Austin envió un emoji lamentable, diciendo:

—Lucille no ha respondido a mis mensajes, y su teléfono parece estar apagado.

Al leer esto, Joseph frunció el ceño. Ignorando la sorpresa en los rostros de los altos ejecutivos, se dio vuelta para salir de la sala de conferencias.

Culver, que había estado esperando afuera, se acercó a él y preguntó:

—Señor Joseph, ¿por qué salió? Parece que la reunión no ha terminado todavía.

—Consigue un avión, nos vamos ahora mismo —respondió Joseph, sorprendiendo a Culver.

Por alguna razón, al enterarse de que no se podía contactar a Lucille, Joseph tuvo un terrible presentimiento. Frunció el ceño.

—Entendido, Señor Joseph. Prepararé el avión ahora mismo.

Culver se alejó respetuosamente.

Al escuchar que Joseph iba a regresar a Ciudad Shein, Mosher no se molestó en terminar la reunión antes de correr tras él:

—¡Señor Joseph, Señor Joseph! ¿No era nuestro acuerdo eliminar completamente a los mutantes? ¡Necesitamos su ayuda!
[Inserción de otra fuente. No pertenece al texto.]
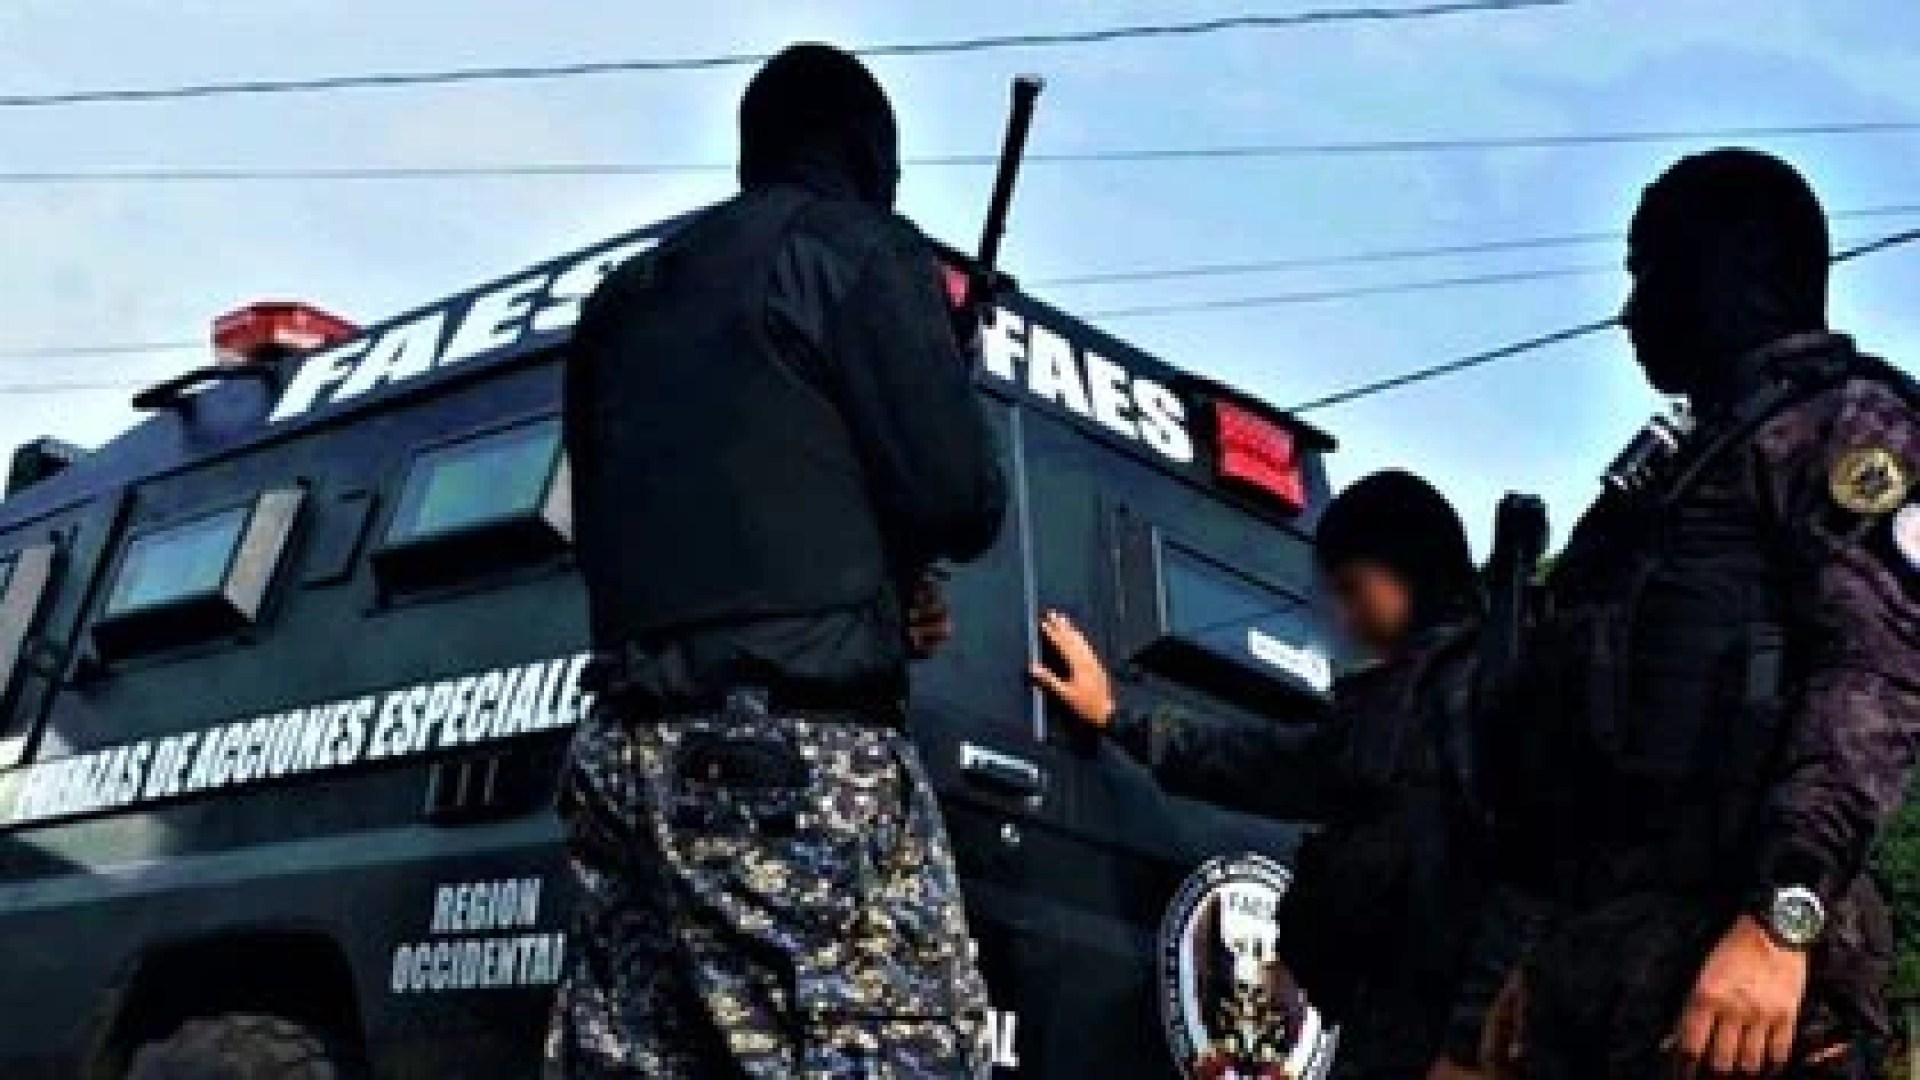 El FAES actúa como escuadrón de exterminio de la dictadura de Maduro

Antes de abordar el avión, Joseph lanzó casualmente una frase por encima de su hombro:

—Hablemos de ello cuando hayan encontrado a los mutantes. No tengo tiempo ahora mismo.

Mosher preguntó tentativamente:

—Señor Joseph, ¿está en apuros para regresar por…

—Por mi esposa.

Las palabras de Joseph dejaron atónitos a Mosher y los otros altos ejecutivos que lo acompañaban.

¿Qué?

¿Por su esposa?

¿Lo escucharon bien?

¿No era Joseph, el famoso Señor Joseph de la renombrada Familia Collins, conocido por ser indiferente a los encantos de las mujeres?

En ese momento, ¿estaba corriendo de regreso a su esposa?

Parece que los rumores no eran del todo ciertos.

Joseph abordó el avión.

Mosher corrió tras él, gritando:

—¡Señor Joseph, la exterminación de los mutantes es un asunto de vital importancia para la seguridad de toda la humanidad! Le informaré inmediatamente cuando tenga noticias. ¡Debe ayudar entonces!

Bajo las repetidas súplicas sinceras de Mosher, Joseph respondió con indiferencia con una sola palabra:

—Hmm.

Eso podría considerarse una promesa.

Solo entonces Mosher sintió algo de alivio.

El avión despegó, dirigiéndose hacia Ciudad Shein.

Joseph miró la hora. Actualmente era la una de la tarde. Si se dirigía a Ciudad Shein, sería de noche cuando llegara.

Dejó su teléfono a un lado y tiró de su corbata con fastidio.

Aun así, estaba igualmente agitado.

Al percibir esto, Culver a su lado se atrevió a bromear:

—Señor Joseph, ¿está tratando de averiguar cómo va a manejar a la Señora Collins después de regresar?

Joseph sonrió sardónicamente.

—¿Qué, puedes leer mi mente?

Culver se rió dos veces:

—Señor Joseph, si quiere que la Señora Collins se calme, eso es sencillo. Solo lleve un durian y una tabla de lavar, y arrodíllese ante ella. ¡Creo que está garantizado que lo perdonará!